Смотрящие вперед - Мухина-Петринская Валентина Михайловна 15 стр.


- Прогноз профессора Турышева обсуждался в Институте океанологии Академии наук СССР,- решительно подала реплику Васса Кузьминична Бек.

- И одобрен Ученым советом,- добавил Мальшет из ложи.

- Да, но, гм, некоторые участники совещания (мы тут обменялись мнением в кулуарах) полагают, что сверхдолгосрочный прогноз должен быть апробирован Госпланом. Прогноз должен носить официальный характер. Все ж таки, гм, так безапелляционно выступить на совещании...

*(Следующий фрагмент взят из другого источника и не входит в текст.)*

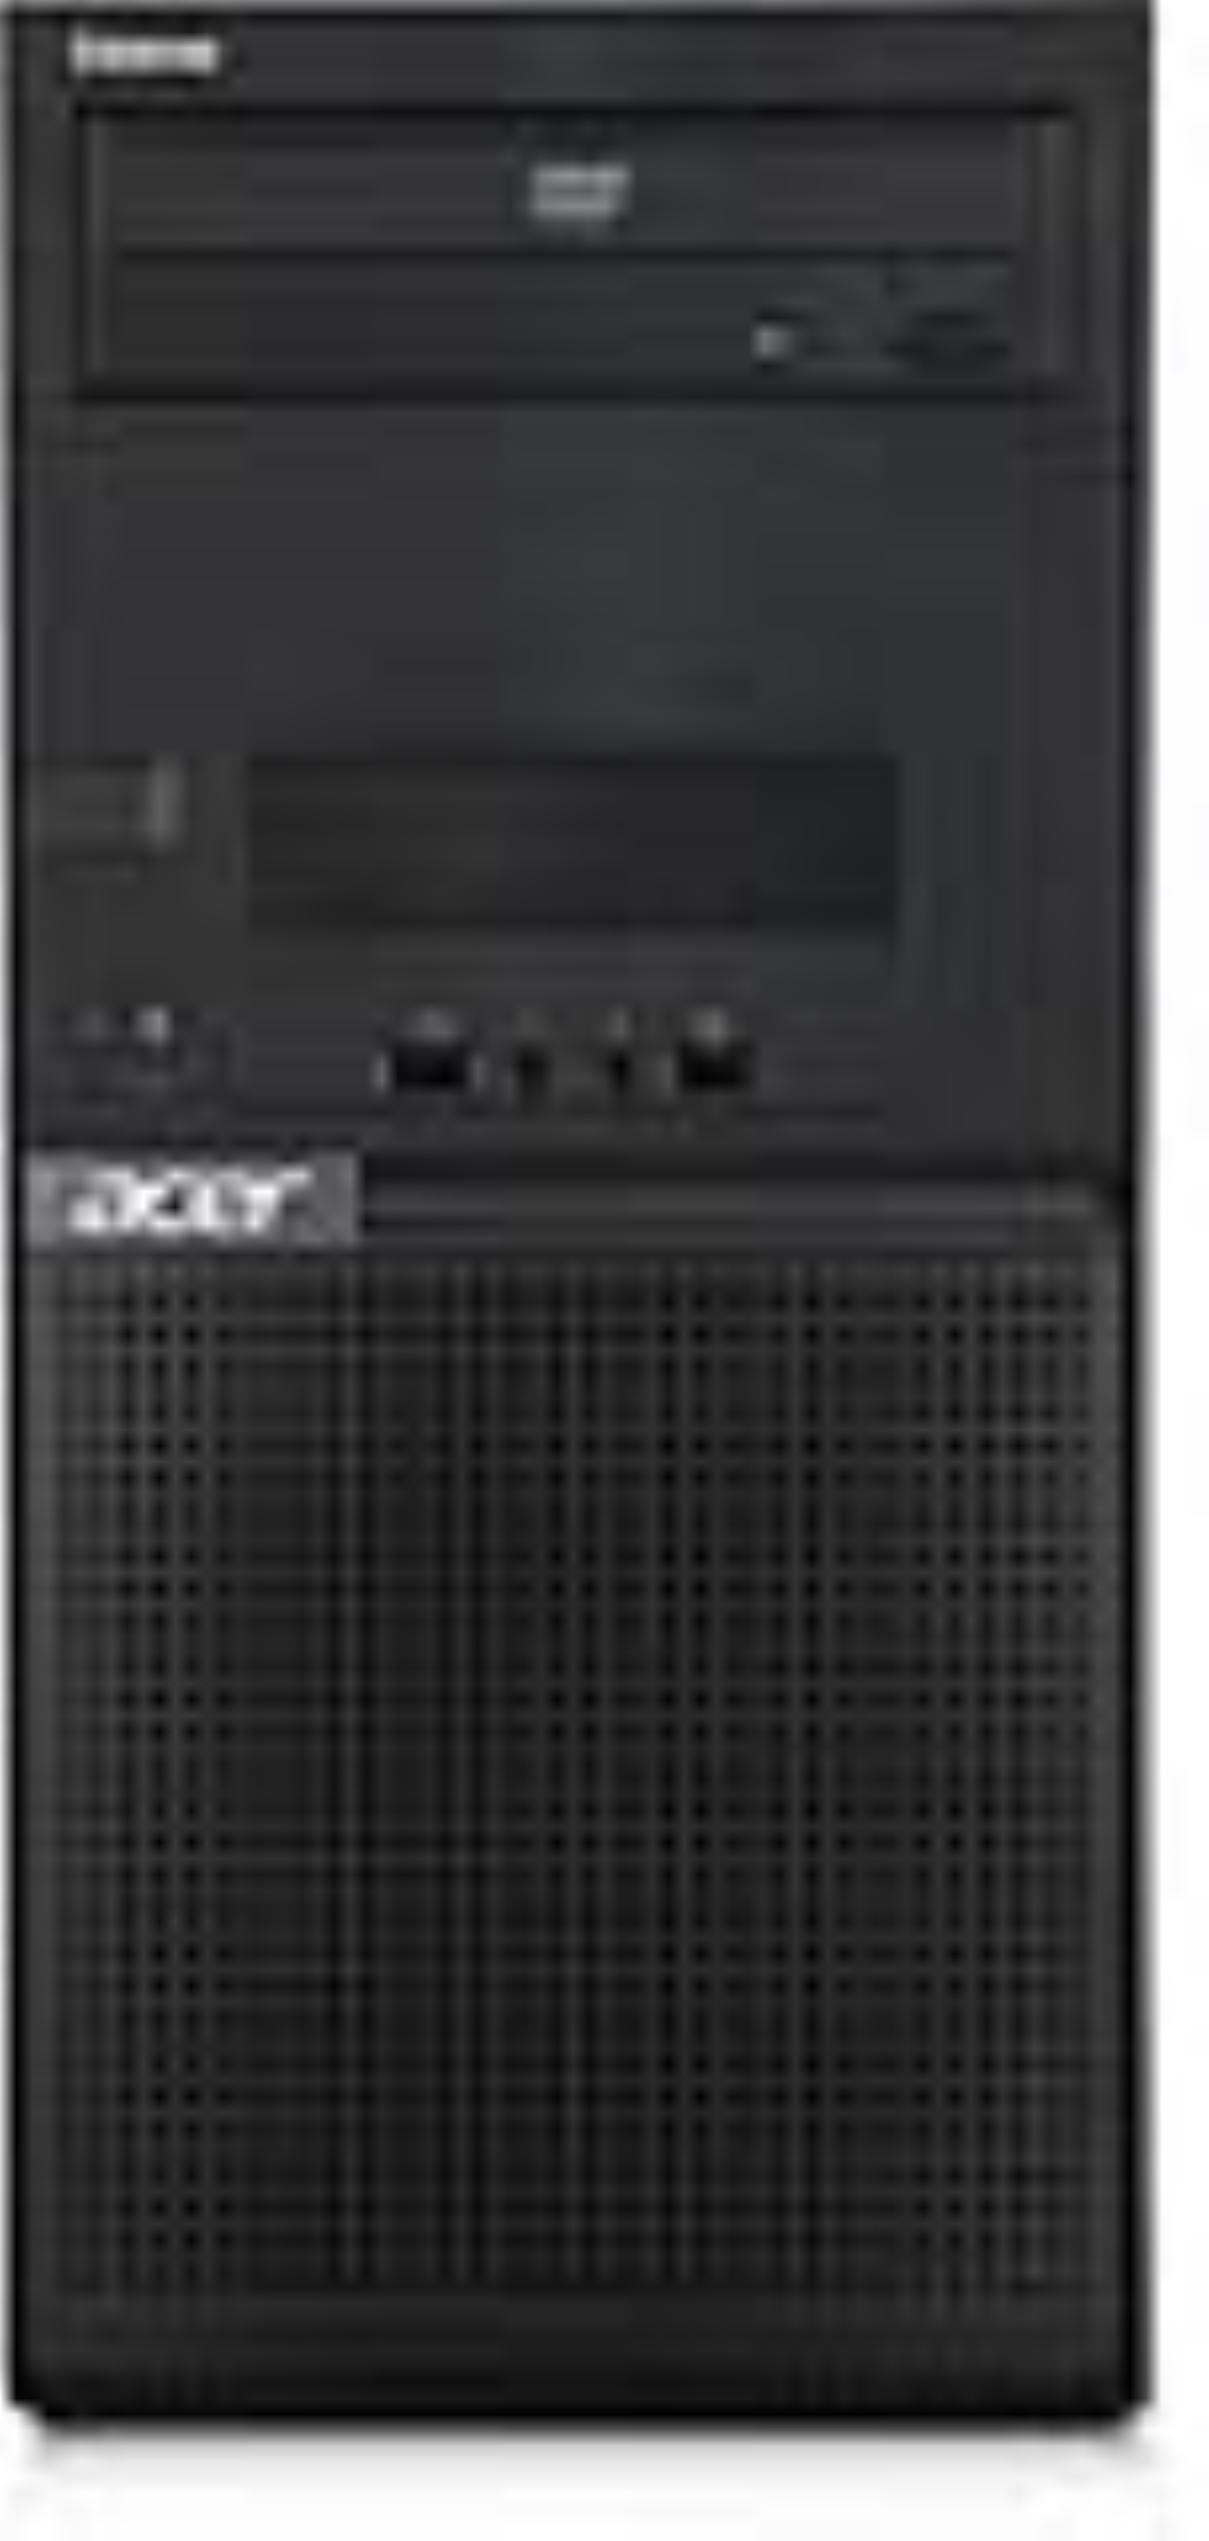 Acer Extensa M2710 Ci3-6100/4GB/128 GB SSD/DVDRW/klávesnice+myš/W10Pro s možností DG na Win7Pro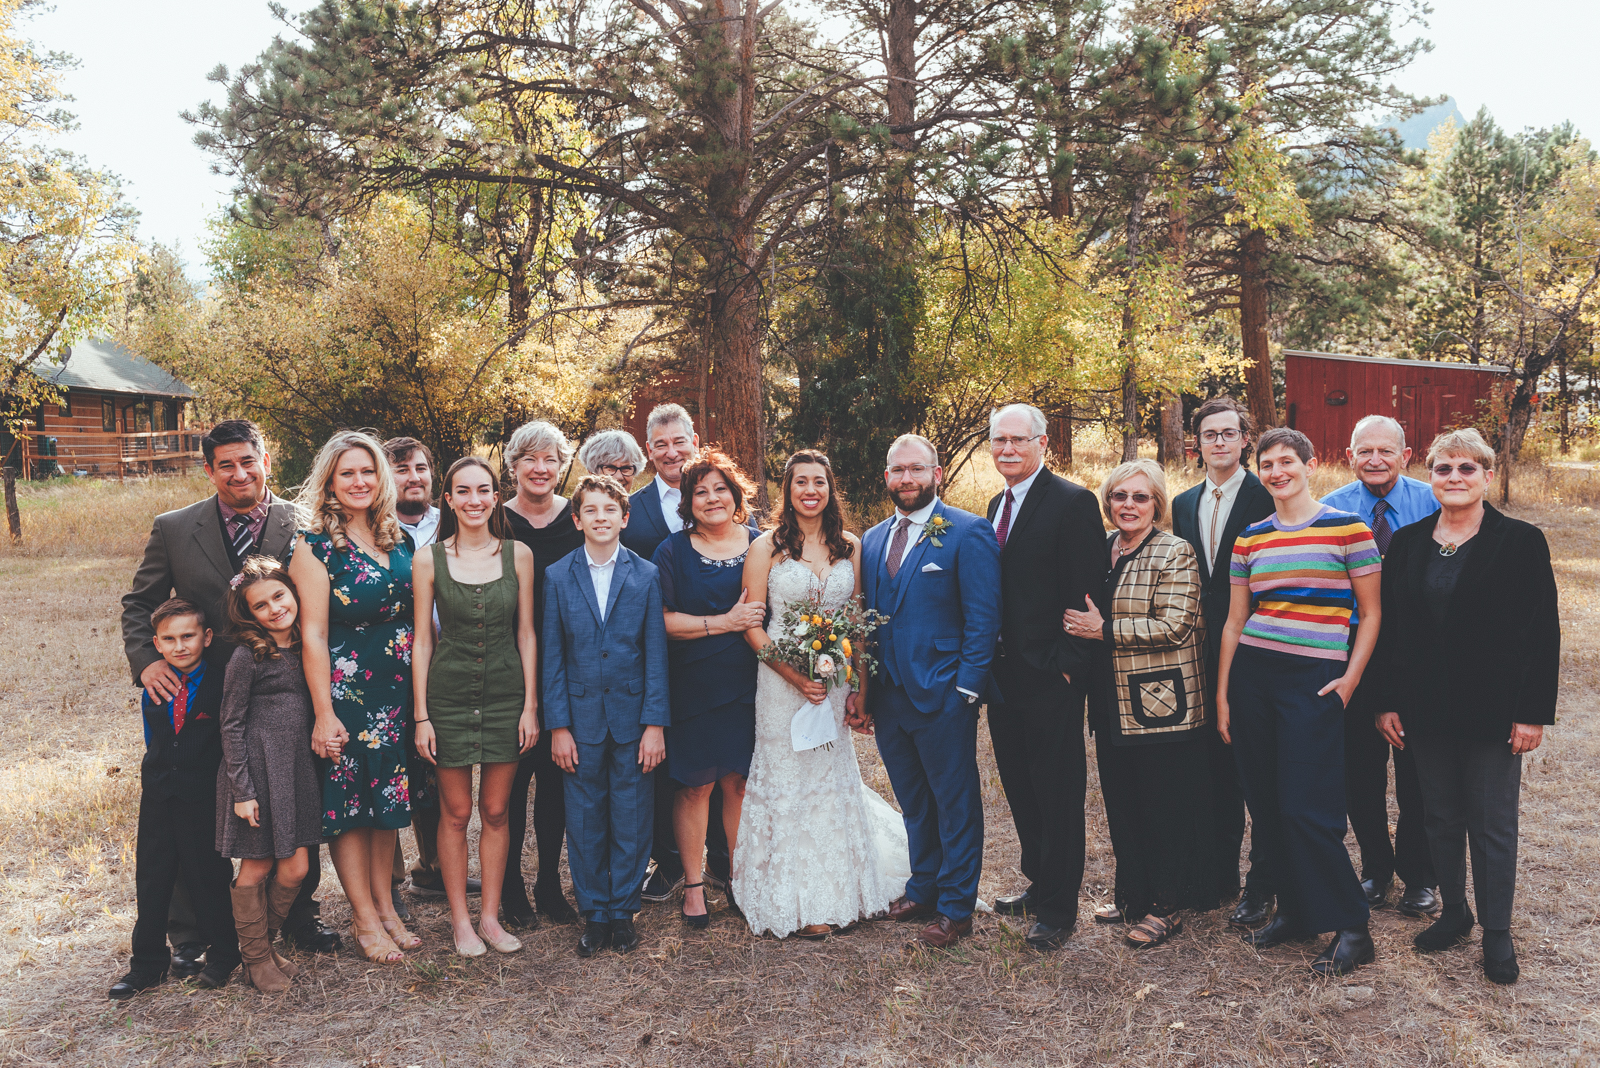 ChadFahnestockPhotography-estes-park-wedding-photography-031.jpg

К проблеме Каспийского моря надо подходить по-новому, по-научному. Если в северной части моря нужно поддержать или сохранить современный уровень, то на южной, особливо в районе Апшеронского полуострова, выгоднее будет значительное понижение уровня... К сожалению, наука еще не располагает достаточно обоснованными методами сверхдолгосрочных прогнозов, поэтому трудно поверить любому долгосрочному прогнозу естественного хода уровня моря. В такой форме прогноз, по моему скромному мнению, не следует давать потребителю. Никакой проблемы Каспия не существует, это выдумки паникеров и пессимистов от науки или, гм, очень молодых людей, идущих, к сожалению, на поводу... Уровень Каспия колеблется в небольших пределах, гм, около стабильной величины. Без сомнения, он скоро начнет подыматься.

Я решительно возражаю против переброски печорских вод в Каспий. Со временем такая переброска приведет к угрозе затопления прибрежных районов Каспийского моря с их богатыми недрами. Она может угрожать самому существованию таких городов, как Баку и Астрахань. В этих условиях - таково и мнение некоторых работников Госплана - сброс вод Печоры в Каспий представляется бессмысленным. Однако работники каспийского отдела Института географии Академии наук СССР и Института океанологии предпочитают придерживаться другой точки зрения, которую и пропагандировал молодой, гм, очень молодой ассистент.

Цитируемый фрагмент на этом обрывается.